Manifesto: What a Liberal Democrat United Kingdom would look like in 2020

Manifesto Lib Dem visionThe preamble to the manifesto looks at what Britain would look like in 2020 if Liberal Democrat policies were implemented. It certainly sounds like a country I want to live in. I am pleased to see that it is seen as a priority to tackle the culture of everyday sexism with decent, mandatory sex education.

I certainly like the look of our “five year plan” – although I might have preferred it if we didn’t call it something quite so Kremlinesque. Here it is in full. 

This manifesto is a five year plan to build a fair, free and open society in our United Kingdom. Follow this plan and by 2020, our economy will be strong, sustainable and fair, our public finances will be healthy again and there will be jobs that last in every part of the country. Follow this plan and there will be opportunity for everyone to get on and live the life they want –at work, at home, online and in our communities.

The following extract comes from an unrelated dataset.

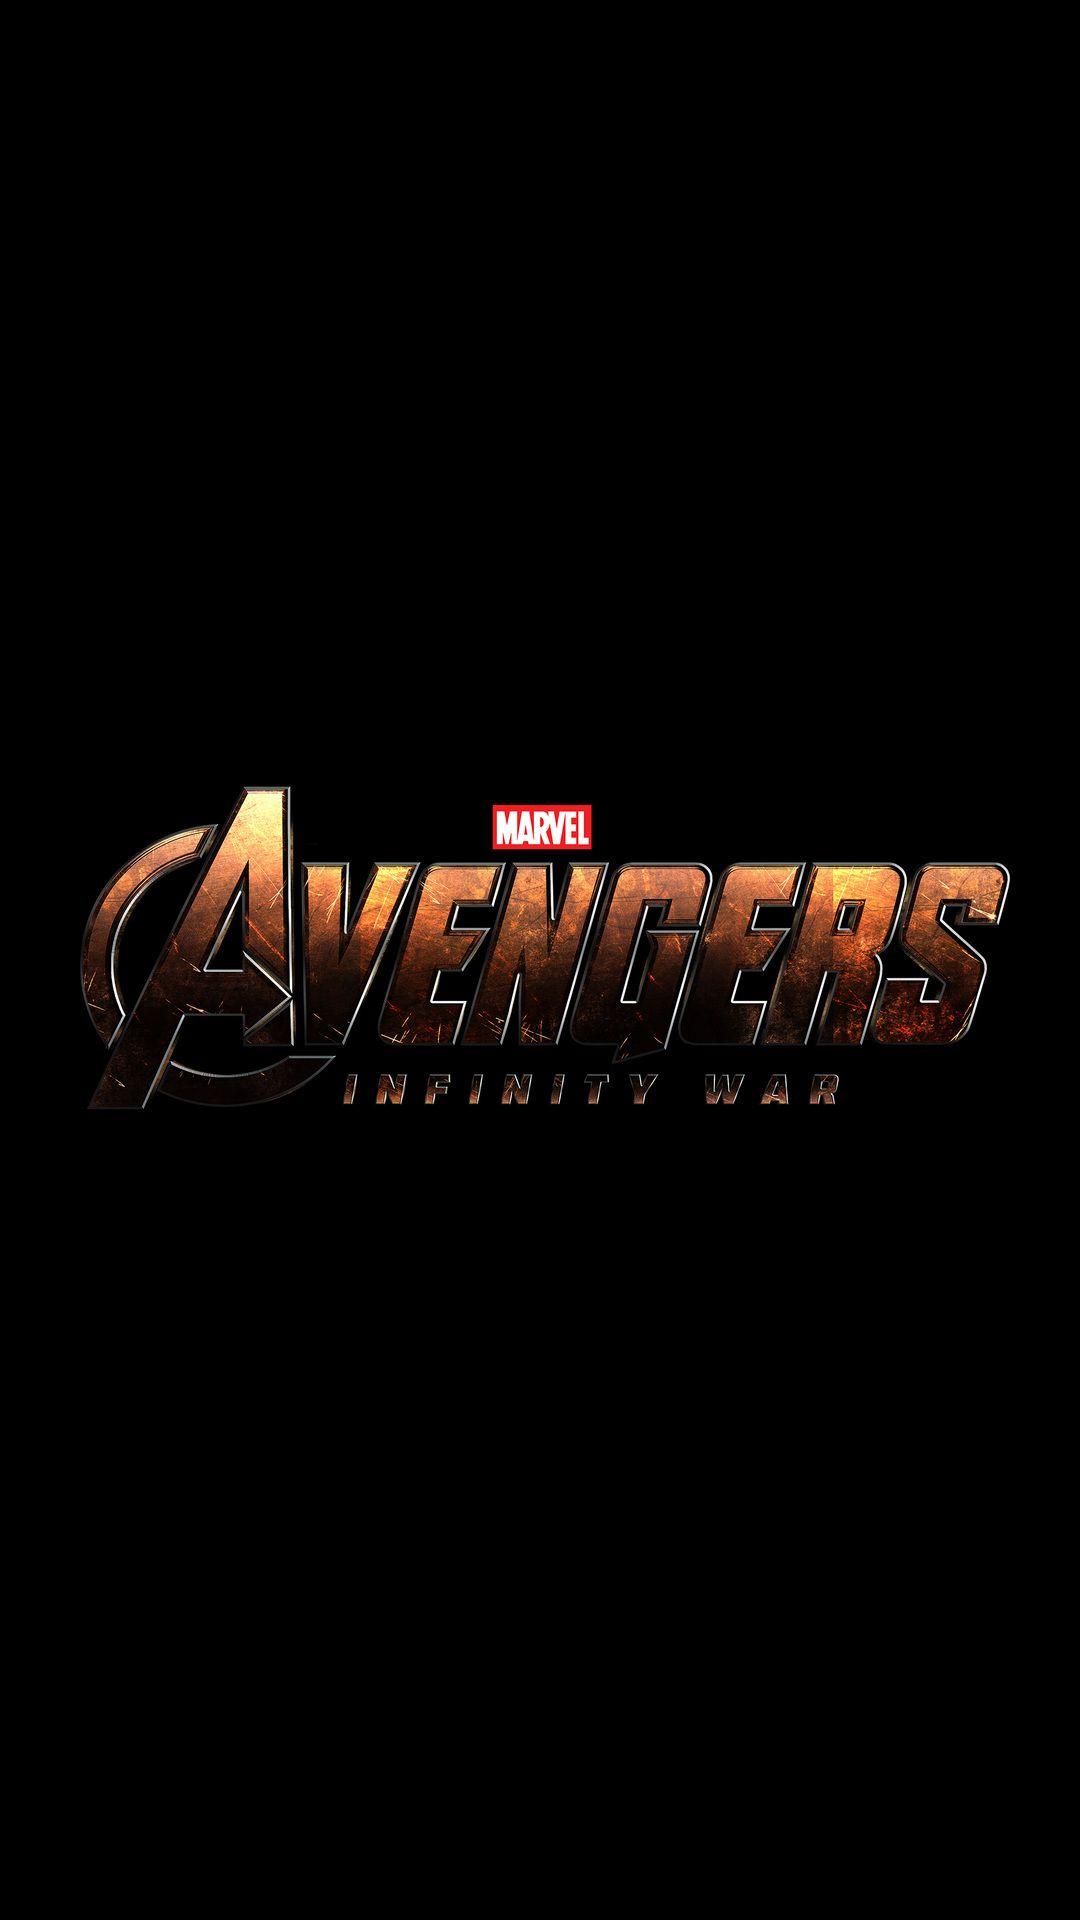 Avengers Infinity War logo htc one wallpaper, free and easy

We have to finish the job of sorting out the UK’s public finances – but we must do it fairly, making sure the wealthiest pay their fair share. Only the Liberal Democrat plan will keep the UK on track, balancing the books in 2017/18 so we can get back to investing in the public services and infrastructure that help make our country strong. In 2020, debt will be falling as a share of our economy for the fourth year in a row, steadily rebuilding our national resilience against future economic shocks.

Our economy will be thriving, delivering balanced growth with jobs that last in every nation and region. Government will take a long-term approach to supporting business and industry, helping supply credit, skilled workers and infrastructure. Over a third of UK electricity will come from renewables, not least from Scottish generators, and we will be leading the world in the technologies of the future, from electric cars to tidal power.

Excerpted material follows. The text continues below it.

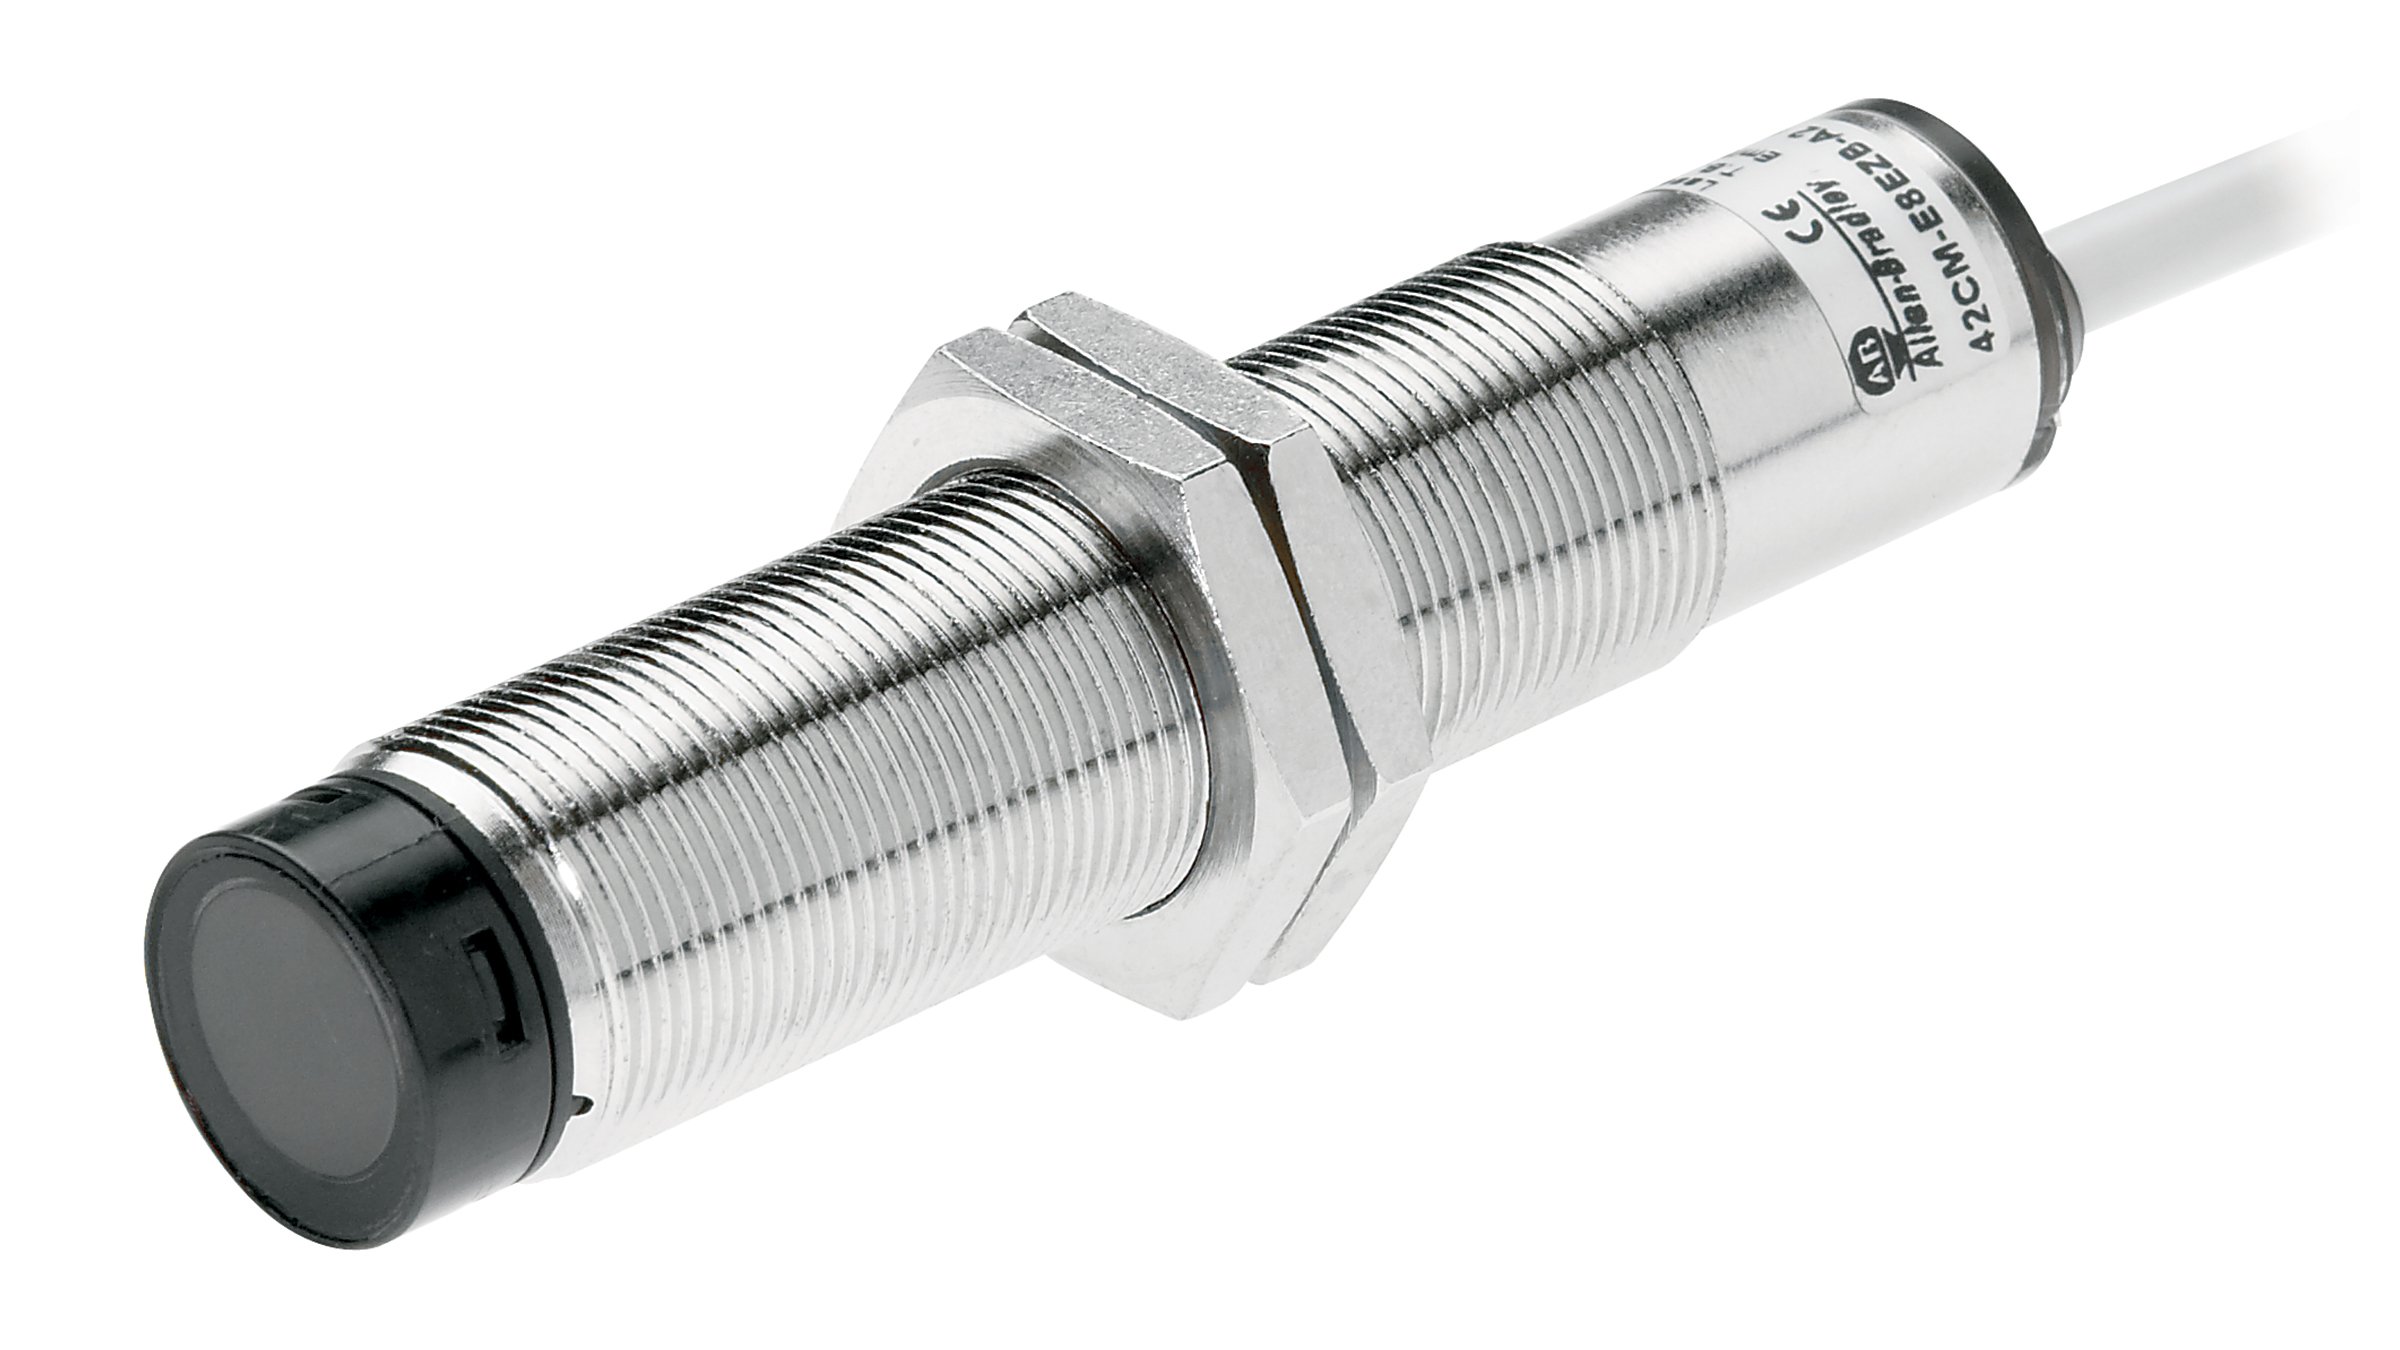 stainless steel threaded cylindrical sensor with mounting nuts and integrated cable

Britain will be the place to be if you want to thrive in advanced manufacturing, science, creative, digital and green industries, and our country will be open to ambitious entrepreneurs and thinkers from overseas. We will finally be building enough homes, every year, to meet our needs.

By 2020, our plan will bring together a lifetime of opportunities for every generation, enhancing the quality of all our lives. Mothers and fathers will be able to share the joys and struggles of early parenthood with extended Shared Parental Leave. Free, high- quality childcare will be available the moment parental leave is over. Education will prosper under the Liberal Democrats.

Young people will leave school and college confident about their future: we will have doubled the number of businesses hiring apprentices.

Society will be more equal. A million more women will be enabled to work, with fairer rules to help everyone juggle family life, caring responsibilities and the world of work. Carers will be treated with respect and given more help, including a bonus of £250 to spend however they choose. The tax system will be fairer: people will not pay Income Tax on the first £12,500 they earn, but strict rules will be in place to make sure the richest pay their fair share and corporations cannot dodge their tax responsibilities. Targeted green taxes will discourage pollution and reward sustainability.

There will be more jobs in our economy, with steadily higher wages and better employment rights. With Universal Credit and reforms to disability benefits, it will always pay to work, and everyone who needs a helping hand will get one. As you work, and as you save, you will feel confident about life after retirement, too. Millions more will have a workplace pension. Our ‘triple lock’ will protect the State Pension, our new single tier pension will mean your savings are your own to keep.

Our NHS will have the money it needs, and the Scottish Parliament will have the resources to make sure mental health
will have equal status with physical health. Those facing anxiety and depression will be seen swiftly, people struggling not to harm themselves will find emergency help at A&E and teenagers suffering from eating disorders will get the help they need close to home.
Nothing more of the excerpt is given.